• _WHAT YOU ARE ASKED TO DO_: Return all the lines below exactly as written. Drop every picture.

• _DATA_:
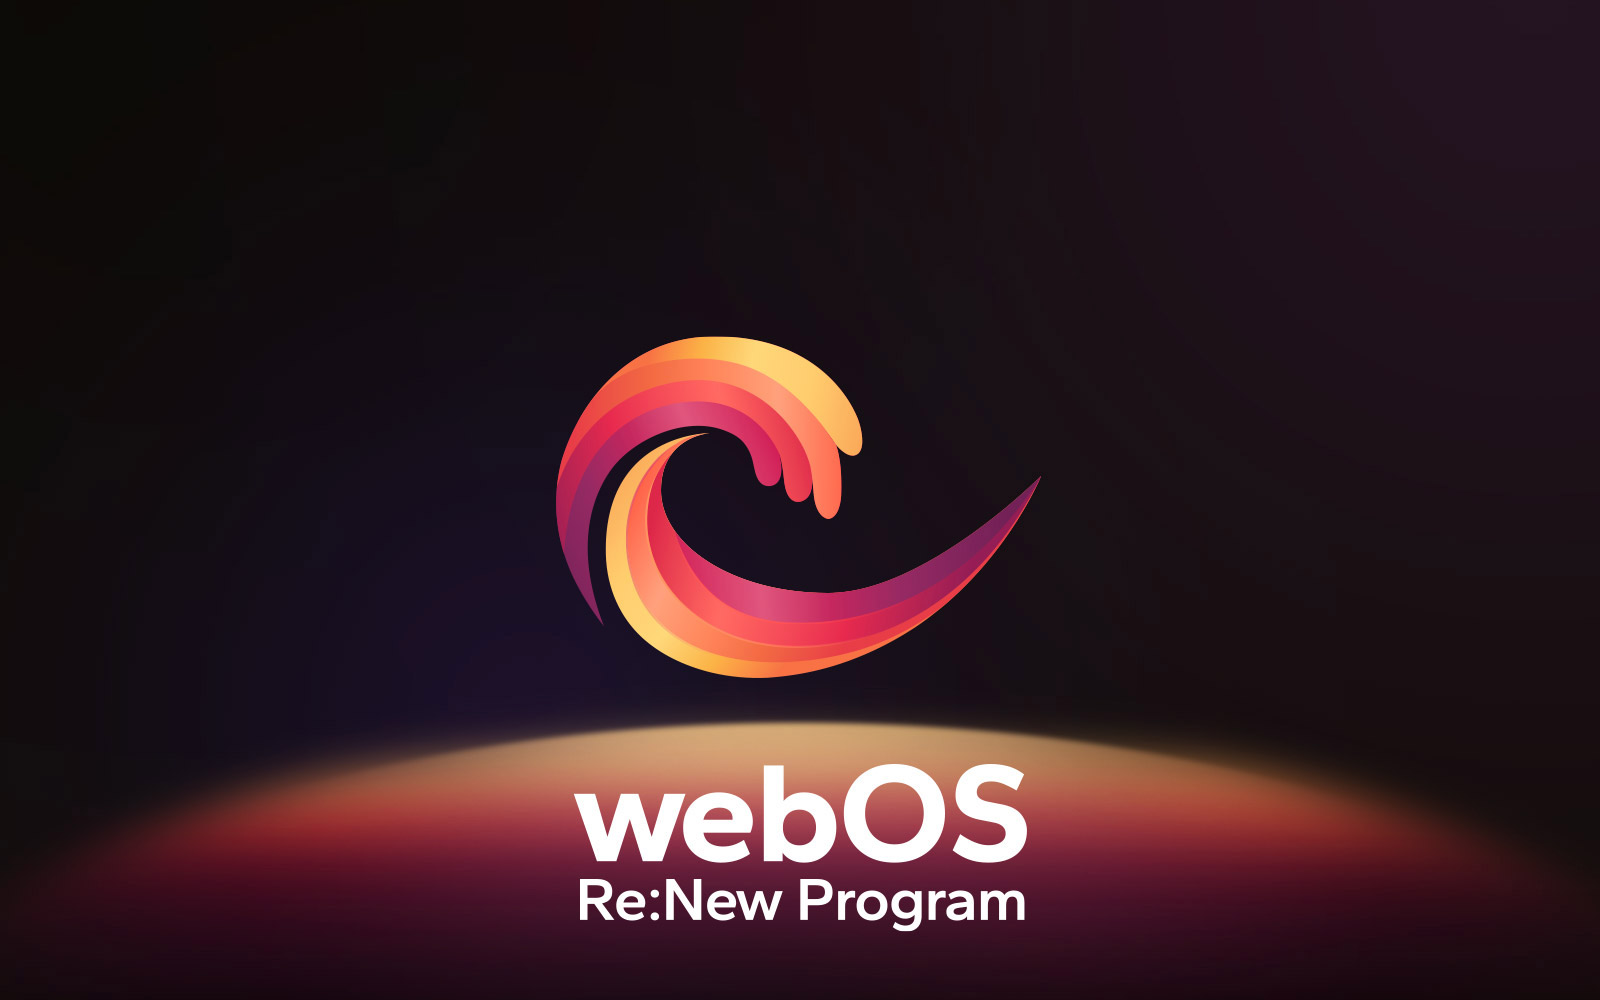 הלוגו של webOS מרחף במרכז על רקע שחור, והחלל למטה מואר בצבעי אדום, כתום וצהוב של הלוגו. המילים 'webOS Re:New Program' מופיעות מתחת ללוגו.
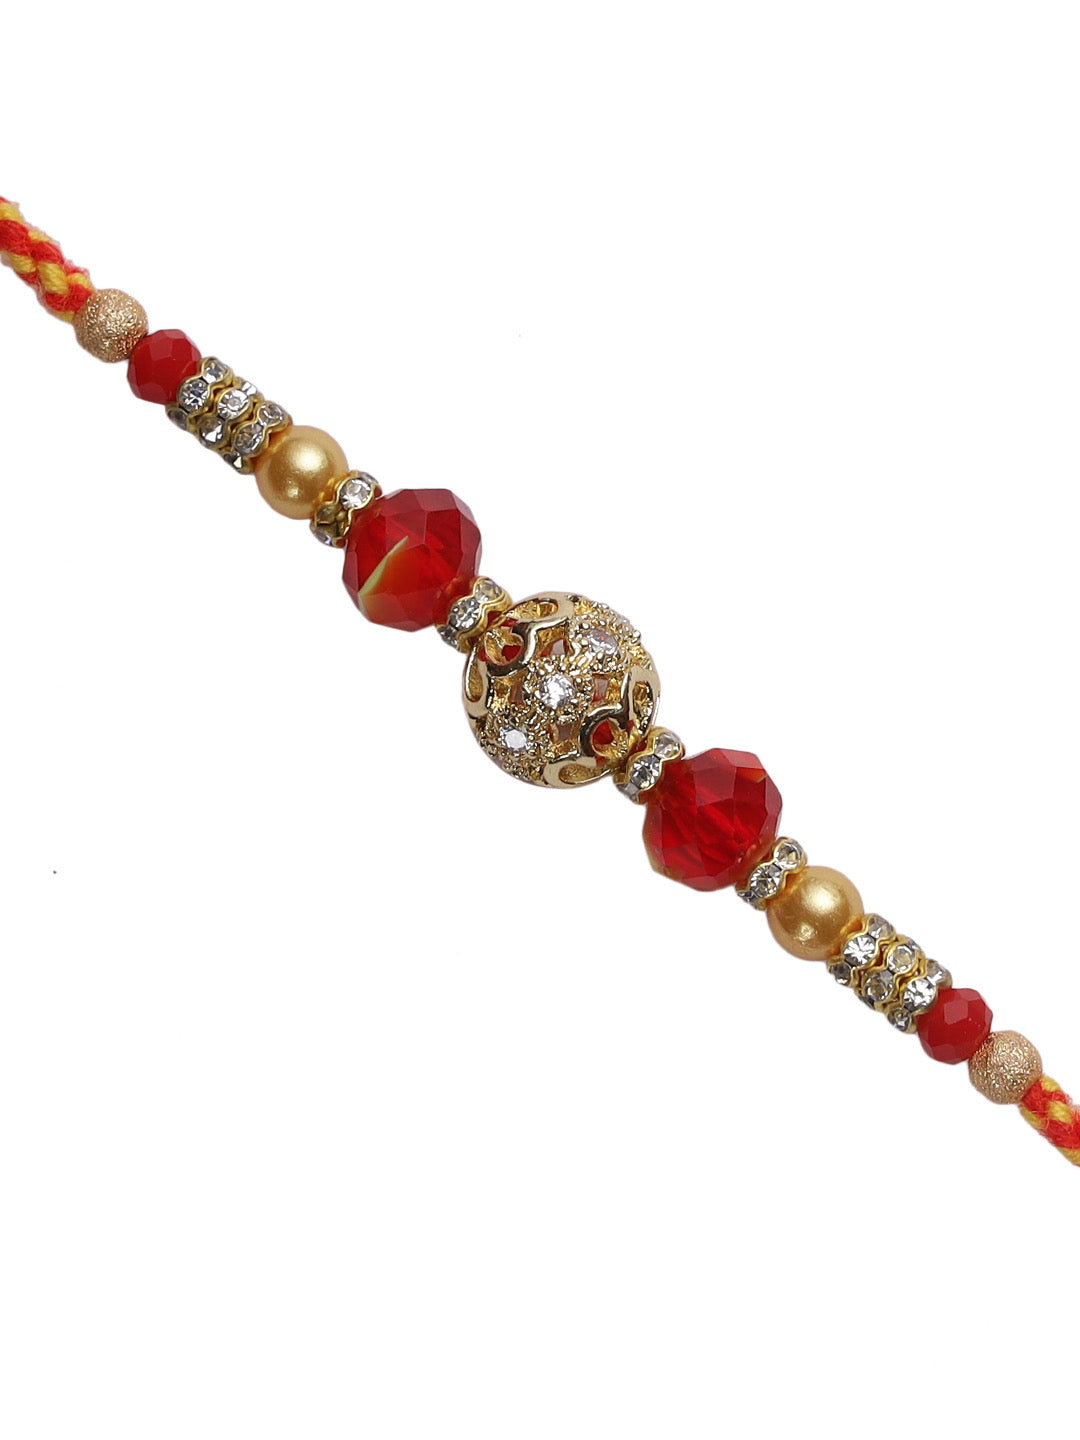 Sobre Golden Ball Rakhi with Beads and Rings - Only Rakhi (RJ22164)
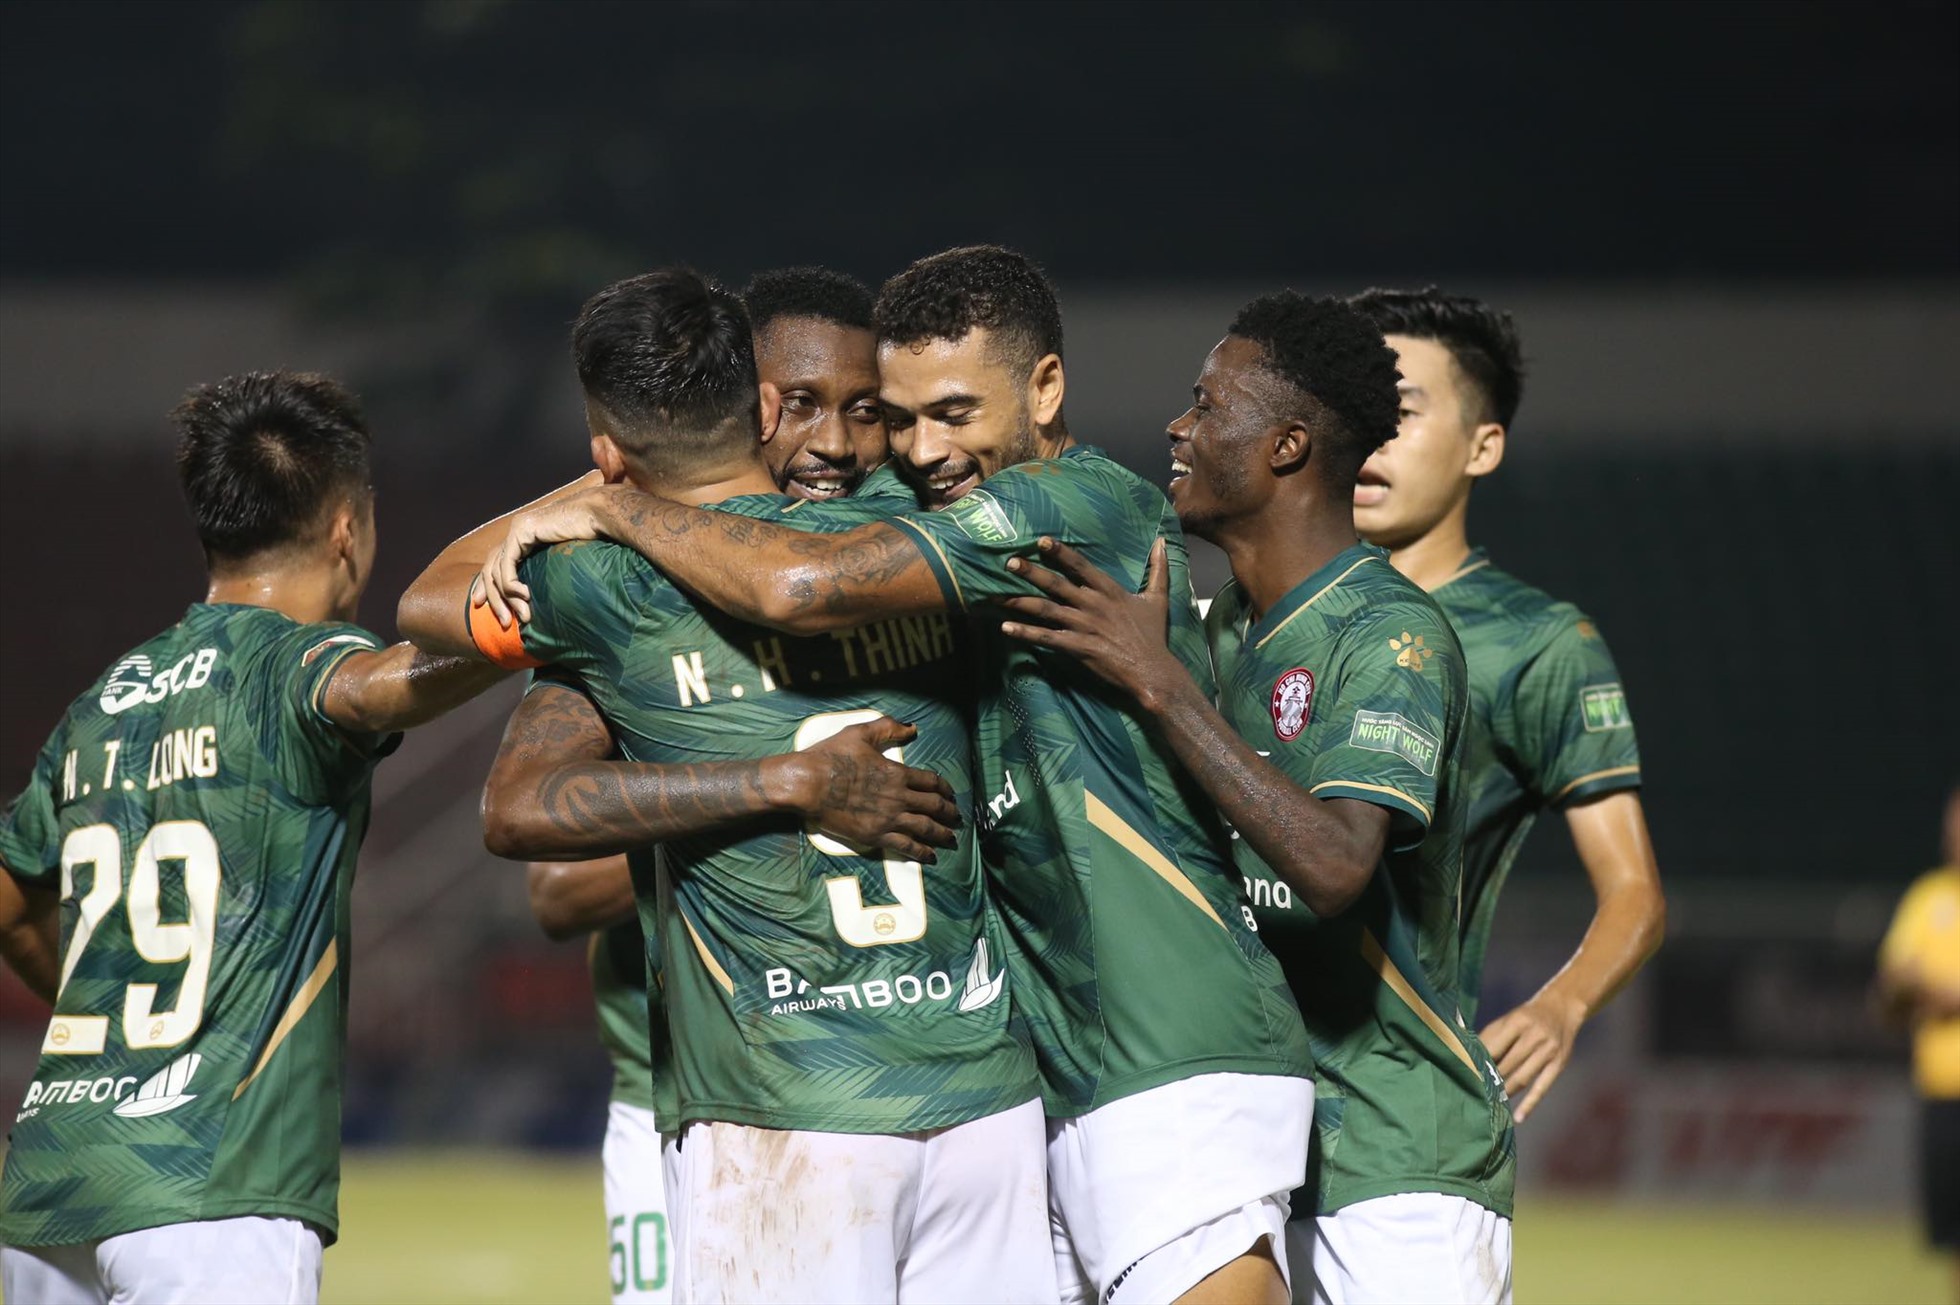 CLB TPHCM nhận thưởng 1 tỉ đồng sau trận thắng Sài Gòn FC

• _ANSWER SECTION_:
 הלוגו של webOS מרחף במרכז על רקע שחור, והחלל למטה מואר בצבעי אדום, כתום וצהוב של הלוגו. המילים 'webOS Re:New Program' מופיעות מתחת ללוגו.
 Sobre Golden Ball Rakhi with Beads and Rings - Only Rakhi (RJ22164)
 CLB TPHCM nhận thưởng 1 tỉ đồng sau trận thắng Sài Gòn FC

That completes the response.